Analyst Ahsan Mehanti of Arif Habib Corp said bullish trend continued at the stock market, as investor weighed upbeat economic data, including current account surplus at $99 million and 238 percent jump in foreign direct investment during July-October 2019.

“Falling global crude oil prices and uncertainty over global equities invited mid-session pressure. Foreign inflows, speculations ahead of SBP policy rate decision this week and macroeconomic stability played a catalytic role in the bullish close.”

Pakistan Stock Exchange (PSX) benchmark KSE-100 shares index gained 0.4 percent or 152.81 points to close at 38,564.37 points. KSE-30 shares index gained 0.49 percent or 87.24 points to close at 17,831.68 points.

As many as 390 scrips were active, of which 187 advanced, 177 declined and 26 remained unchanged. The ready market volumes stood at 385.321 million shares as compared with the turnover of 466.079 million shares a day earlier.

An analyst at JS Global Capital said after nearly 3.5 years, the current account finally turned positive. “Judging by the run rate during four months of FY20, it appears the current account deficit for FY20 might stand at around $4.5 billion, which would be $2.0 billion less than the International Monetary Fund’s (IMF) expectations of $6.7 billion,” a JS Global report noted.

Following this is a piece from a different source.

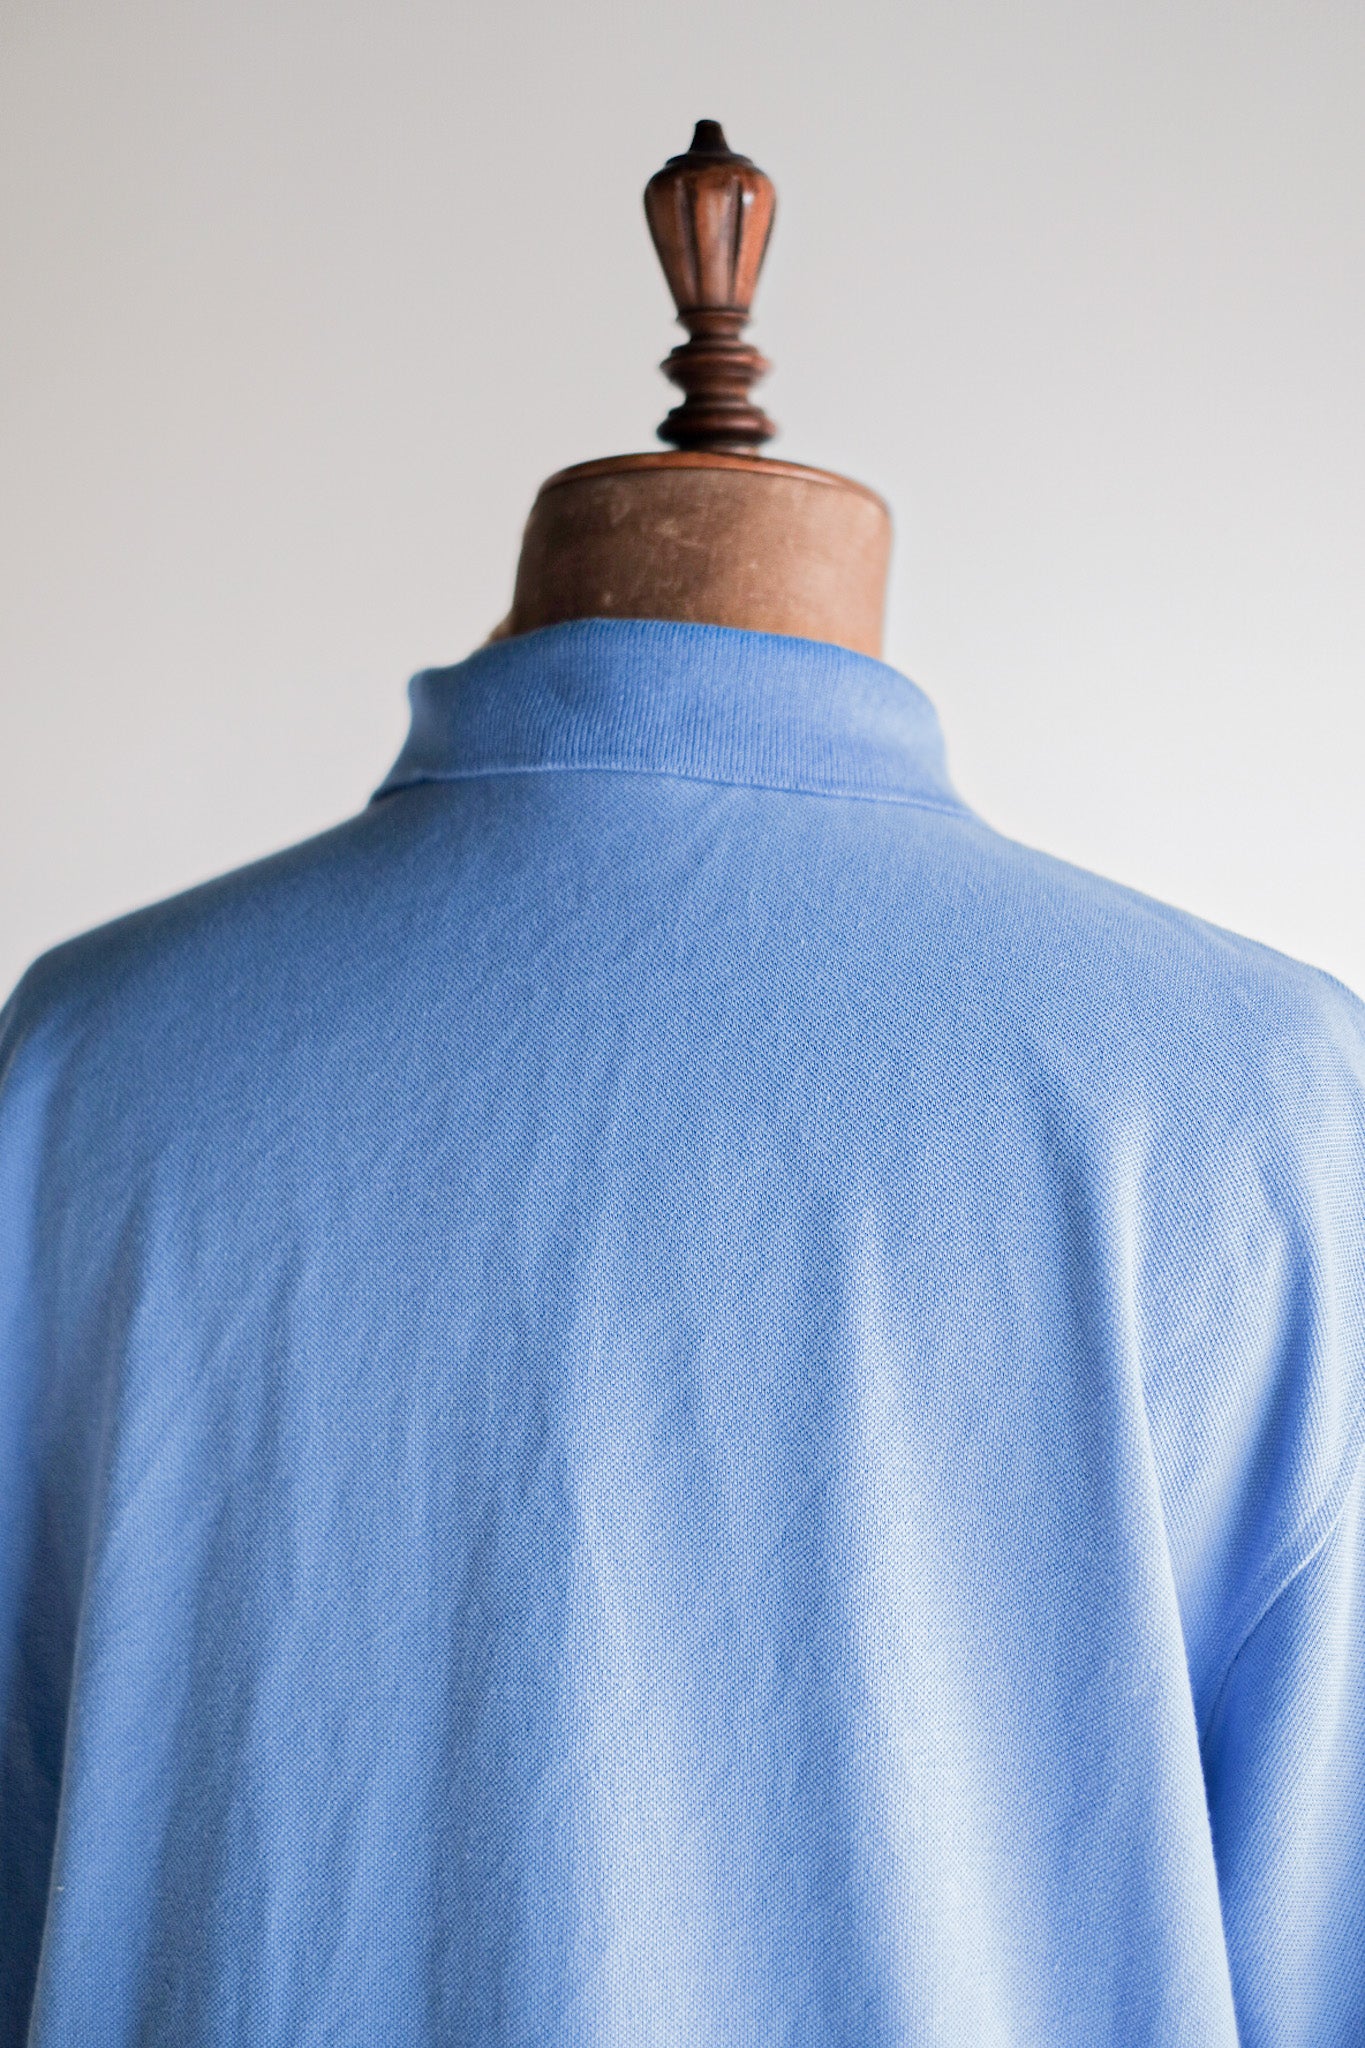 [~ 90's] Chemise Lacoste S / S Polo Taille.7 "Bleu clair"

Current account balance posted a $99 million surplus in October, up from a $284 million deficit in the previous month of September, the central bank reported on Monday. The October current account surplus was the nation’s first in almost four and a half years.

An analyst at Arif Habib Limited said the market moved up and down during the session. “Initially the index gained 500 points, but erased all the gains on profit booking. Activity picked pace again with index gaining again 350 points.”

Dealers said key stocks that sustained selling pressure included DG Khan Cement, Maple Leaf Cement, and Fauji Cement Company, while in the steel sector Mughal Steel saw trading at the lower circuit.

Among fertiliser, Engro made a recent high close at Rs345, but faced selling pressure which brought the price down to Rs338.

Analysts believe that during the remainder of FY20, the outcome of how the government manages FDIs, privatisation, flows in local currency government bonds and issuance of foreign currency debt remains to be seen, and this would have a direct bearing on the fate of the rupee.

Companies reflecting highest gains included Nestle Pakistan, up Rs58.75 to close at Rs6,335/share, and Colgate Palmolive, up Rs41 to close at Rs2,040/share.

Companies reflecting most losses included Pakistan Tobacco, down Rs124.5 to close at Rs2,374/share, and Unilever Foods, down Rs100 to end at Rs6,900/share.

Highest volumes were witnessed in K-Electric Limited with a turnover of 27.535 million shares. The scrip gained 5 paisas to close at Rs4.36/share.

Bank of Punjab was second with a turnover of 25.028 million shares. It shed 20 paisas to close at Rs11.06/share.

Dost Steels Limited was third with a turnover of 22.268 million shares. It shed 51 paisas to finish at Rs5.45/share.